Where to eat in Taormina

insider's guide to Taormina

I have to confess that I am not a big fan of the restaurants in Taormina. This because I found that most of them are just tourist traps and, as a Sicilian, I would never pay for €20 for a pasta with tomato sauce that I would cook better at home. However, it’s also true that not all the restaurants inflate their prices for average dishes and if you know where to look at, you can find some very nice (and honest) places where to eat.

For example a very nice place where to taste traditional fresh cheese and meat boards is La bottega del Formaggio. For a great pizza go to Pizzeria Villa Zuccaro. The same owners have also a restaurant called Osteria Villa Zuccaro but I haven’t been there yet. One of my favourite places for a lunch/dinner on the go is l’Arco about Pizza. This is located after Piazza Duomo. Here you can find everything from fresh pasta dishes to arancini, pizza and traditional tavola calda (filled savoury pastries). Moreover, it’s very cheap! I warmly recommend you to try the pistachio arancini that are delicious!

For a fresh dessert, my favourite place is Gelato Mania! This place is just after Porta Messina and it’s often crowded because it’s small. I always take the same gelato flavour that is pistachio, hazelnut and Ferrero Rocher. You won’t regret it! The only bad thing of this place is that it’s open only during summer.

Fancy a granita? Plan a stop at the famous Bam Bar

As said before, there are a lot of touristy places in Taormina. Nevertheless, Bam Bar is famous for a reason. Indeed, in addition to be one of the most photogenic places in Taormina, it serves also delicious granita! We often stop there for a tasty breakfast when in town and the chocolate granita never disappoint!

Be aware this place is often very crowded during summer and it’s actually challenging to find a space. Moreover, it looks like it’s the mandatory stop for numerous VIPs. Indeed, the owner regularly picture himself with actors, singers and various celebrities. So, if you know someone famous that is in Taormina, he’s likely having a granita at Bam Bar.

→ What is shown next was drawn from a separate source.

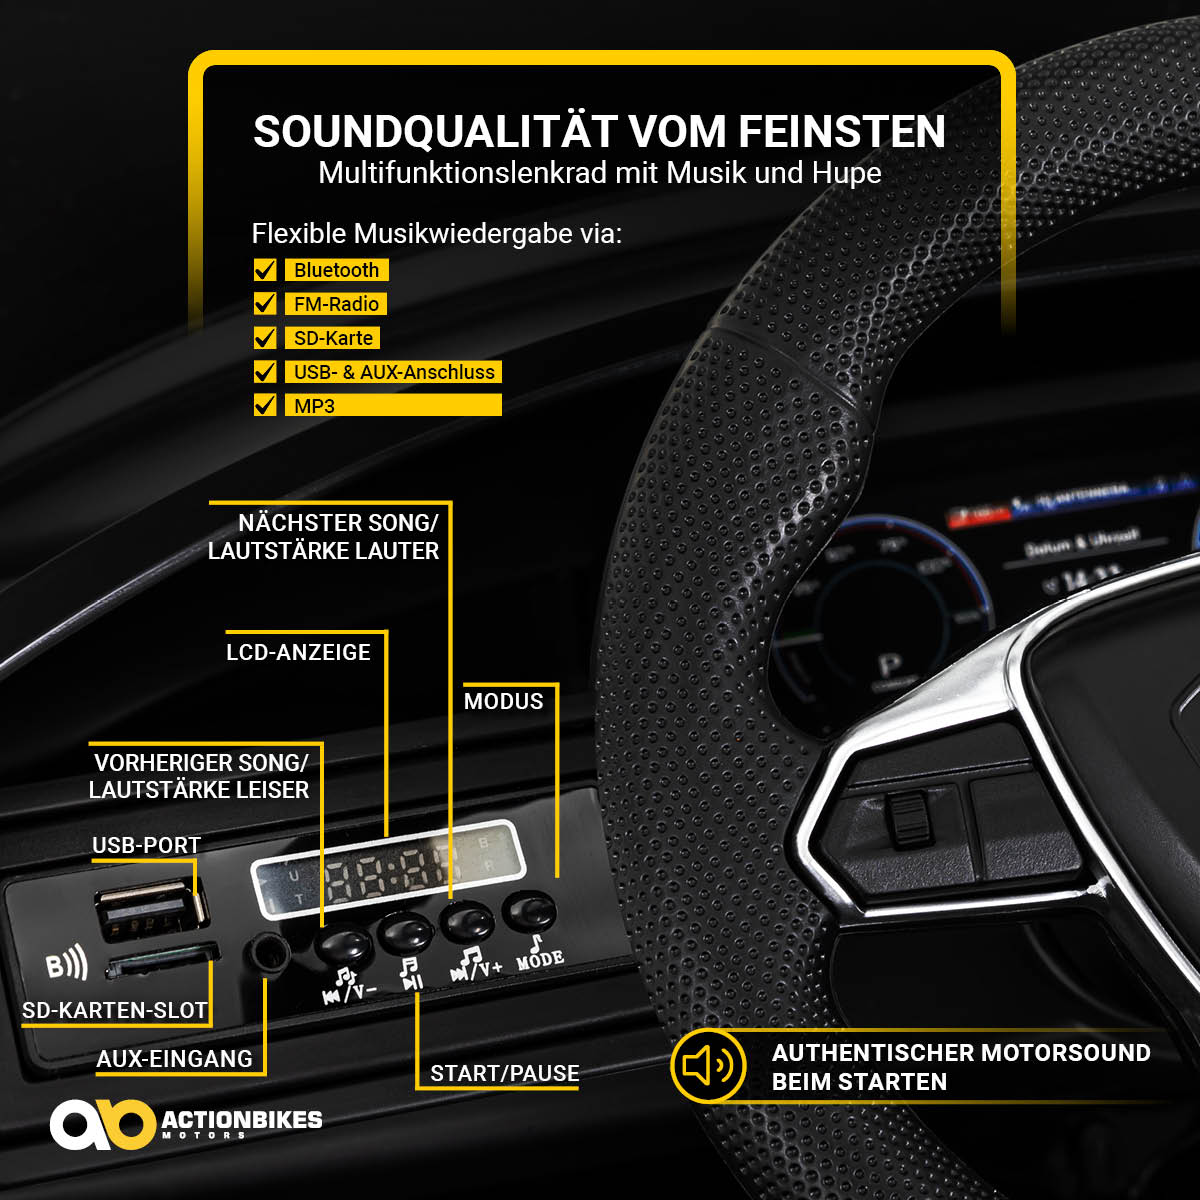 e-tron GT Audi ACTIONBIKES RS Kinderauto MOTORS

Unfortunately, it’s not possible to book a table in advance. So you have just to pass there and try your luck.

Address: Via di Giovanni, 45, 98039 Taormina ME, Italy

Taormina one day itinerary with map

Below, you can find an example for a one-day itinerary of Taormina. This follows the following points:

  • A – Start point from Porta Messina
  • B – Visit to Palazzo Corvaja (10-15 mins)
  • C – Visit to Teatro Antico (1-2 hours)
  • D – Relax at the Villa Comunale Gardens (30 mins)
  • E – See the Naumachie (5-10 mins)
  • F – Visit Piazza IX Aprile and its monuments (30 mins – 1 hour depending how many pictures you take)
  • G – Visit to Piazza Duomo (15 – 20 mins)
  • H – Visit to Palazzo dei Duchi di St. Stefano (max 20 mins without exhibition entrance)

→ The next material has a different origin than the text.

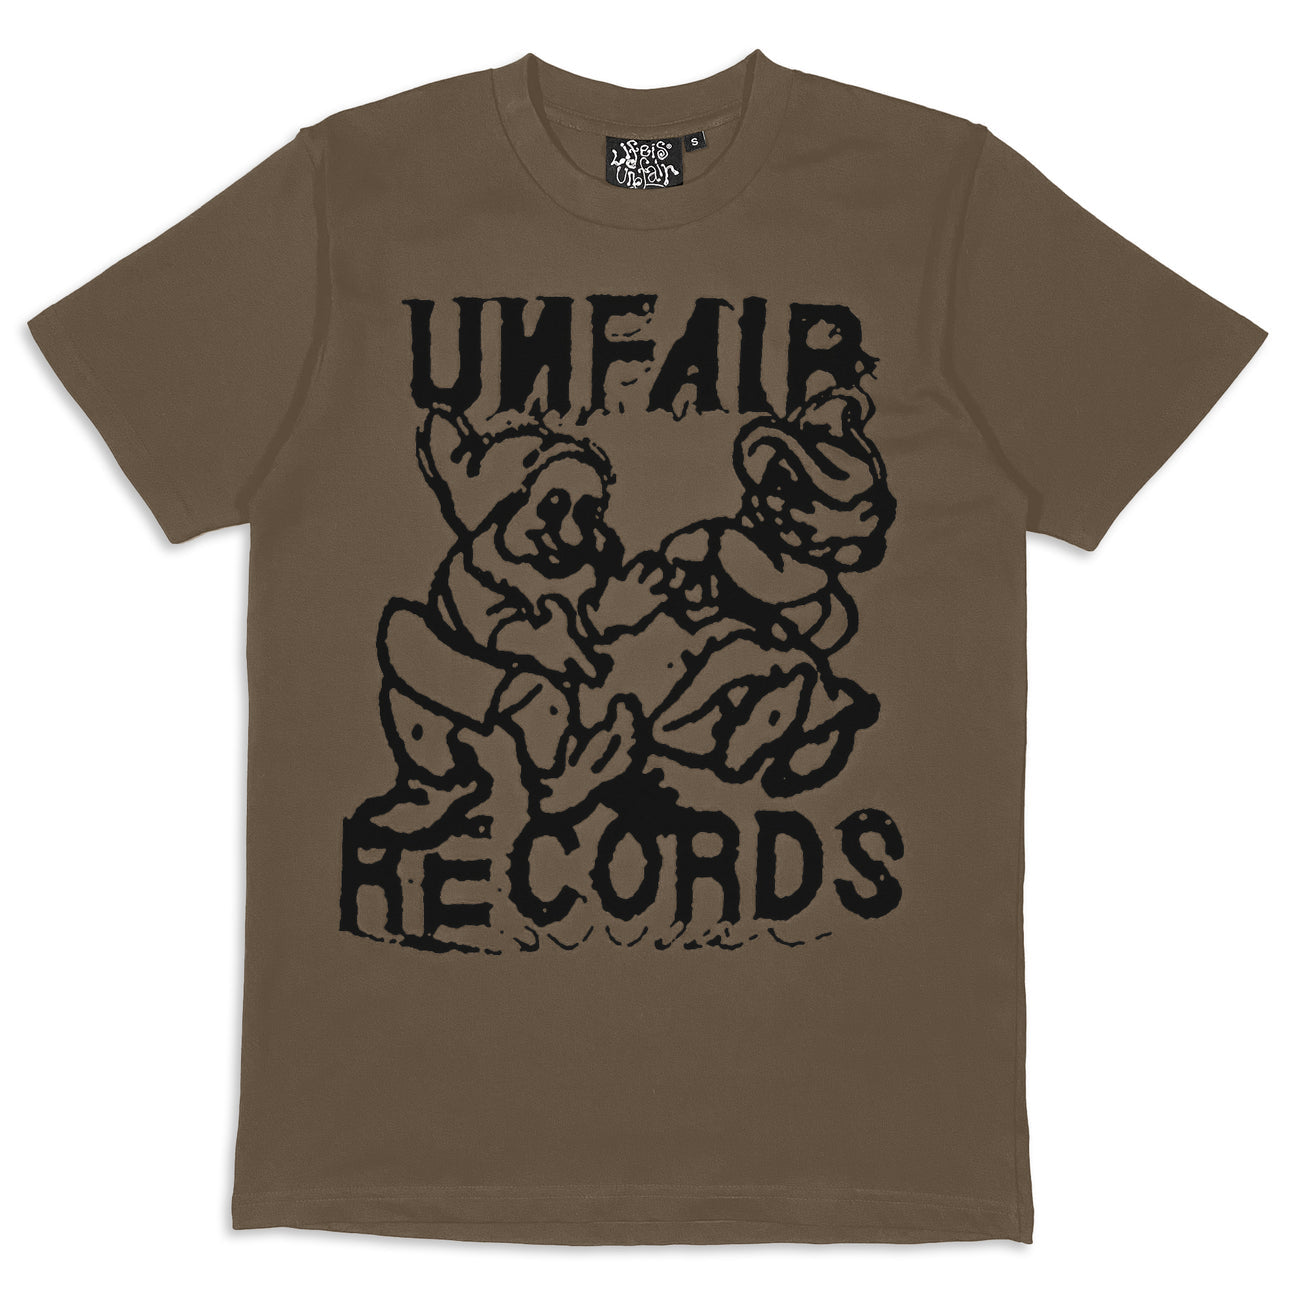 Life Is Unfair Records T-Shirt

This itinerary will cover all the best things to see in Taormina. Moreover, you can plan a lunch break between point C and D to divide the day into two parts. Of course, you can add more spots and take inspiration from the other sights in Taormina I’ve listed before!

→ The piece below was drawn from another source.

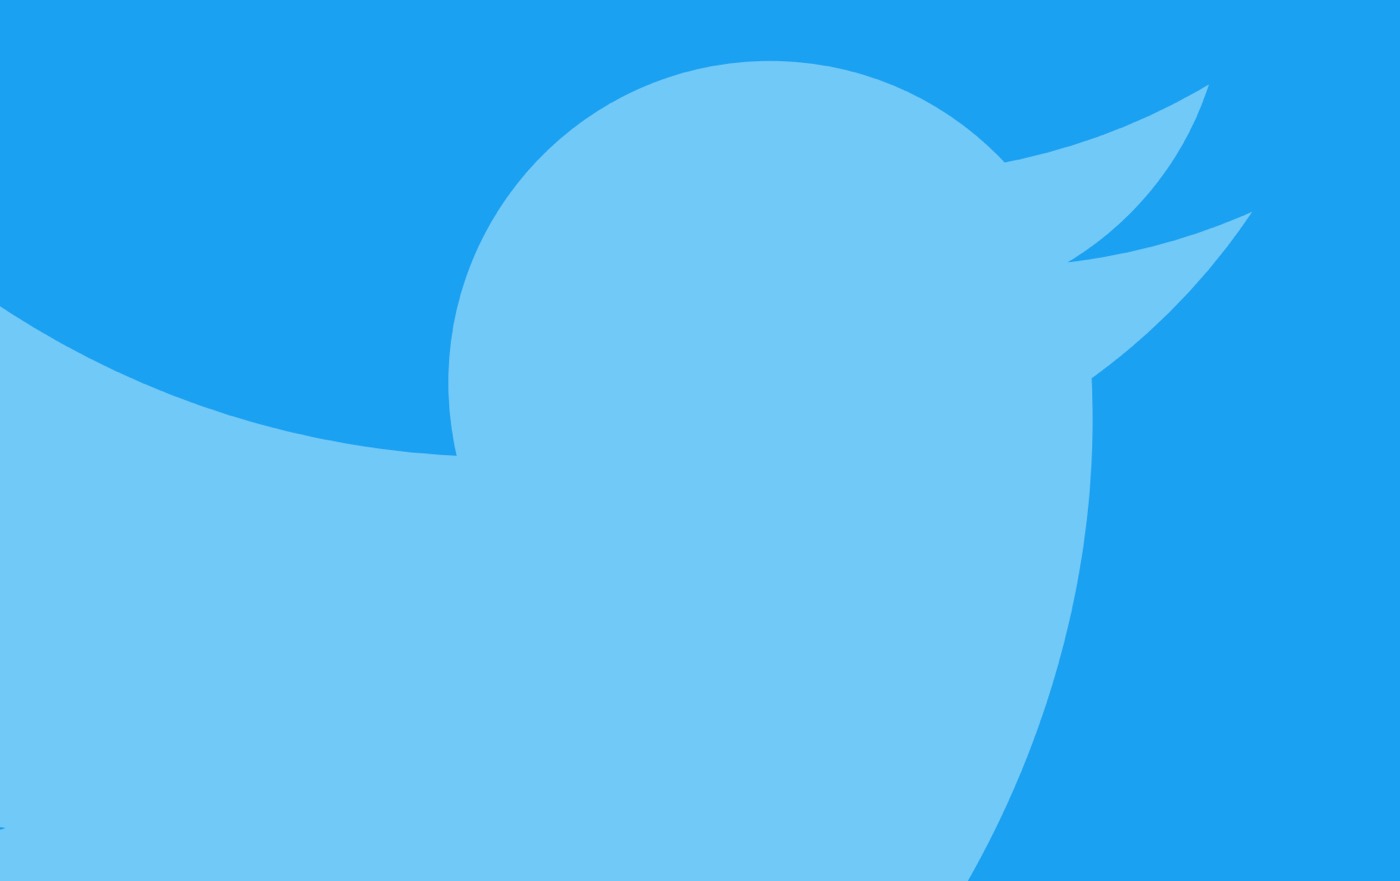 Twitterの日間アクティブユーザー数は1億8,600万人に − 業績はコロナの影響で減収

Best day trips from Taormina that are not Catania or Messina

It’s very likely that if you are visiting Sicily, you will fly over Catania and possibly include a trip to Messina in your itinerary. For this reason, I decided to exclude these cities as a day trip from Taormina. Below, you will find some places that are very convenient to reach from Taormina and are perfect as a day trip.

Isolabella

An insider's guide to Taormina
An insider’s guide to Taormina – View of Isola Bella

Isolabella is a small little island very close to Taormina. It’s connected to the mainland by a thin strip of land and it’s the best place to enjoy a day out at the beach from the city. My typical day out in Taormina usually includes a half day spent at the beach in Isola Bella and the afternoon spent in Taormina. As I previously said, Isola Bella was bought by Miss Trevelyan and transformed into a beautiful botanical garden that you can still visit. The later constructions built into the rock were added by the Bosurgi family. Now, Isolabella it’s part of the Archaeological Park of Naxos-Taormina.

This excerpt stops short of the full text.